Finalmente Muratov viene a trovarsi ad Orvieto col suo rinomato Duomo: “In mattinata abbiamo visto il miraggio del Duomo che, proprio davanti a noi, sembrava volasse verso il cielo, del Duomo che colpisce l’immaginazione dei viaggiatori come fanno pure i miraggi bianco-azzurri dei cattedrali di Milano e di Siena”. E aggiunge: “La cattedrale di Orvieto fu copiata e misurata dagli allievi non solo delle Accademie francesi e tedesche ma anche dai nostri “accademici” pietroburghesi premiati coi viaggi all’estero”. E noi vogliamo precisare che i migliori laureati dell’Accademia delle Belle Arti, compresi pittori, scultori e architetti, ricevevano, dopo gli studi compiuti, la possibilità di fare il tirocinio all’estero per un periodo di due-tre anni. Fra di essi vanno annoverati i nomi degli architetti Aleksandr Rezanov, Nikolaj Benois e Aleksandr Krakau di Pietroburgo, i quali vennero ad Orvieto all’inizio degli anni 40 dell’Ottocento e parteciparono ai lavori di restauro del Duomo.
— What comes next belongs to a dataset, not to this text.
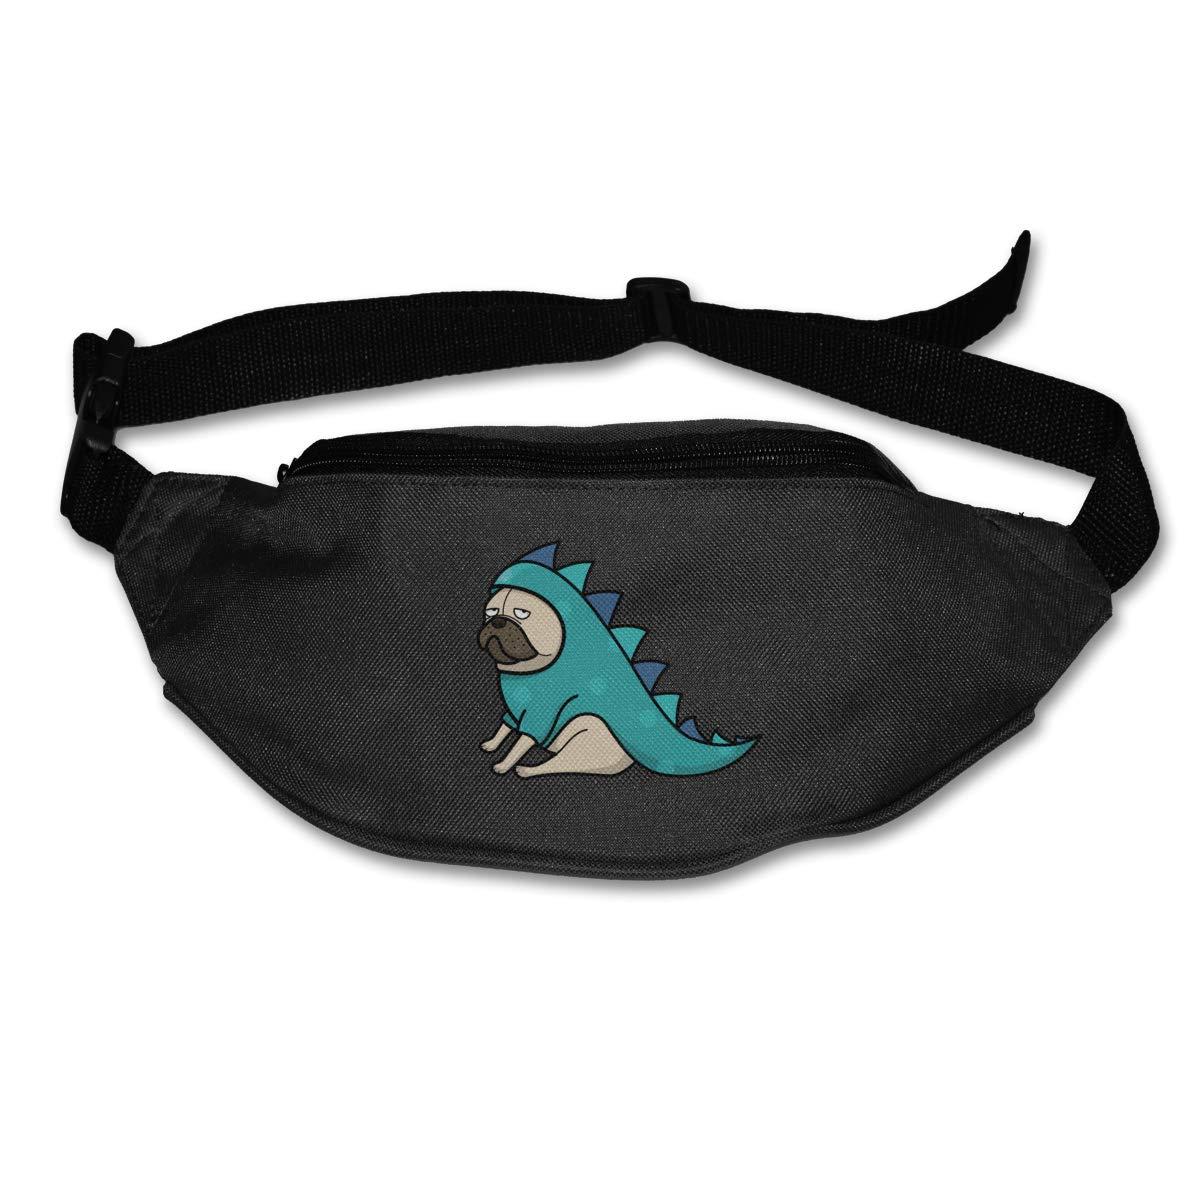 Dinosaur Pug Dog Sport Waist Packs Fanny Pack Adjustable For Hike

Muratov descrisse anche i suoi interni dove ebbe l’occasione di riammirare l’eredità di Signorelli. Ne fu entisiasmato anche il pittore Michail Nesterov che visitò Orvieto nel 1912. Lo colpì in modo particolare “il miglior “Giudizio Universale” con l’Anticristo straordinario e con diavoli inimitabili nella bolgia infernale”.

In primavera si presenta l’occasione di citare altre parole di Pavel Muratov: “Ma la migliore Umbria si sente proprio all’inizio della primavera. Il “Paese delle ombre” si sta svegliando dalla sonnolenza d’inverno con un vago sorriso. L’aria è la vera forza naturale dell’Umbria, la sua leggera divinità e mai il suo soffio è tanto dolce quanto durante i primi giorni di primavera... In questi istanti la valle umbra viene sorvolata da una preghiera inconscia rivolta alle forze della natura e alla Provvidenza che le comanda”.